Слушая меня, Луций только головой качал.
— Но всё-таки я получил от Квинта Фабия то, что хотел.
— Что именно?
— Поскольку он отказался заплатить мне двадцатую часть выкупа, я уговорил его отдать мне взамен то, чем он не слишком дорожил.
— Ах, да. Твой телохранитель. — Луций глянул на Белбона, который, скрестив могучие руки, стоял перед нишей, где я оставил свою одежду, с таким видом, точно охранял сенаторскую тогу. — Парень просто клад, да?
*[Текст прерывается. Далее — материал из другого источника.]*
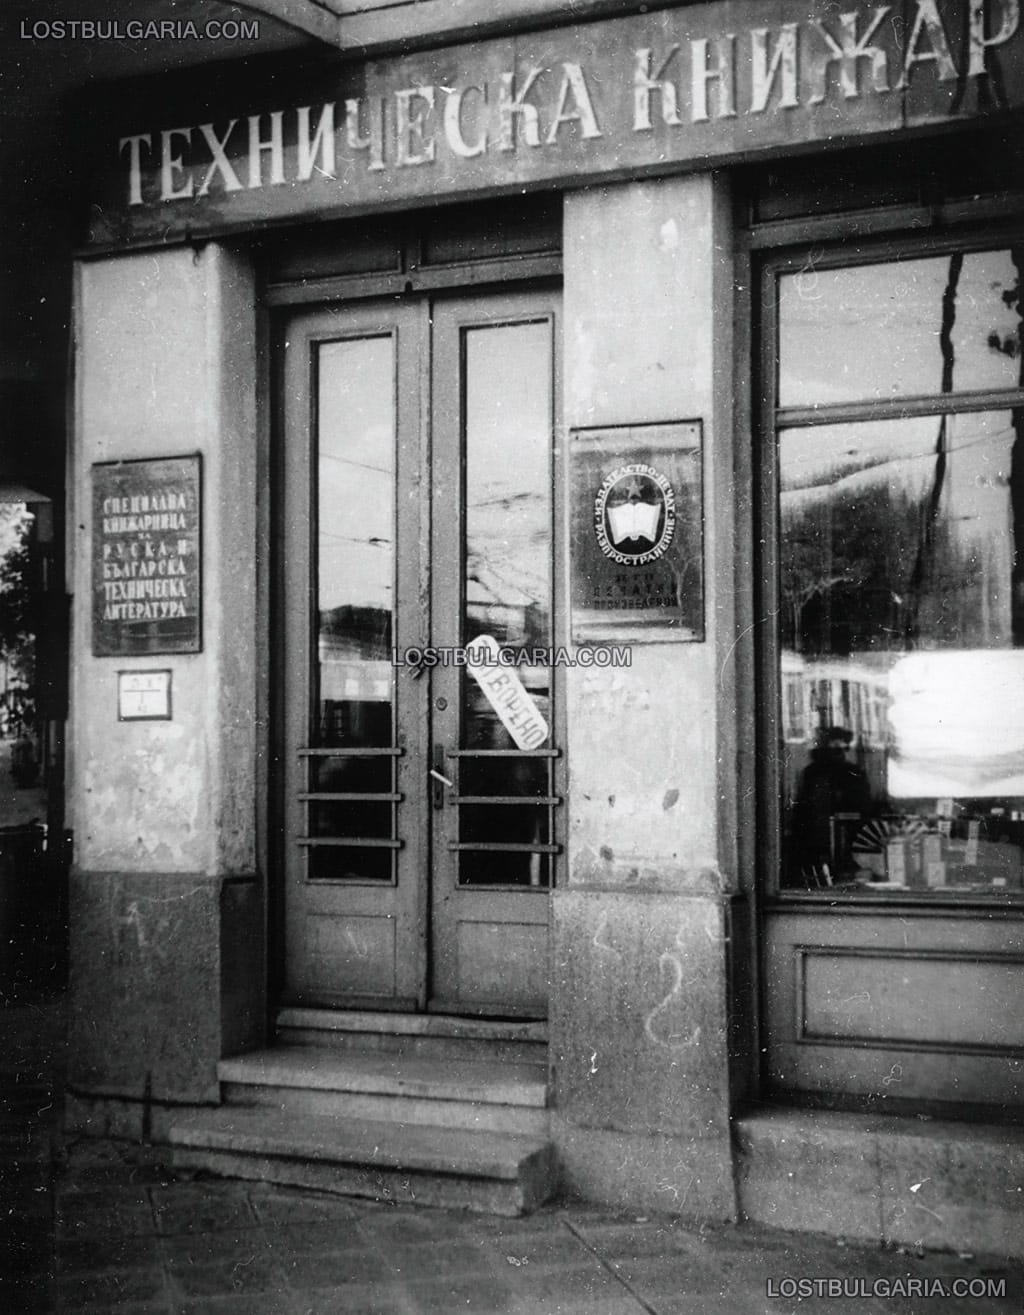 София, техническа книжарница на бул."Толбухин" (сега "Васил Левски"), началото на 60-те години на ХХ век

— Он спас мне жизнь — тогда, на берегу. И похоже, не раз ещё спасёт.
Всякий раз, когда дела приводят меня в Неаполь и его окрестности, я непременно заглядываю в прибрежные таверны, где собираются местные рыбаки. Пользуясь случаем, я расспрашиваю всех и каждого о молодом рыбаке, греке по имени Клеон. К несчастью, неаполитанцы скрытны и подозрительны, и не доверяют чужакам. К кому бы я ни обратился, все в один голос твердят, что знать не знают никакого Клеона. Наверняка кто-то из них врёт; ведь невозможно же, чтобы во всём городе не нашлось ни единого человека, который бы его знал.
Не добившись толку в тавернах, я иду на берег и всматриваюсь в лица рыбаков в лодках. Сам не знаю, почему я вбил себе в голову, что Клеон непременно должен был уцелеть в той бойне…
Однажды мне показалось, что я увидел его — мельком. Человек в лодке был гладко выбрит, но глаза… Глаза были Клеона. Я окликнул его с берега; но лодка проплыла мимо прежде, чем я успел разглядеть его как следует, и я так никогда и не узнал, был ли это Клеон, или же меня обмануло внешнее сходство. В конце концов, это мог быть какой-нибудь его родственник или просто похожий на него человек. Я ведь так и не решился приняться за розыски по-настоящему — наверно из опасения, что правда окажется слишком жестокой и лишит меня всякой надежды. Лучше уж просто думать, что это был Клеон. Разве могут найтись в мире два человека с совершенно одинаковыми, печальными зелёными глазами?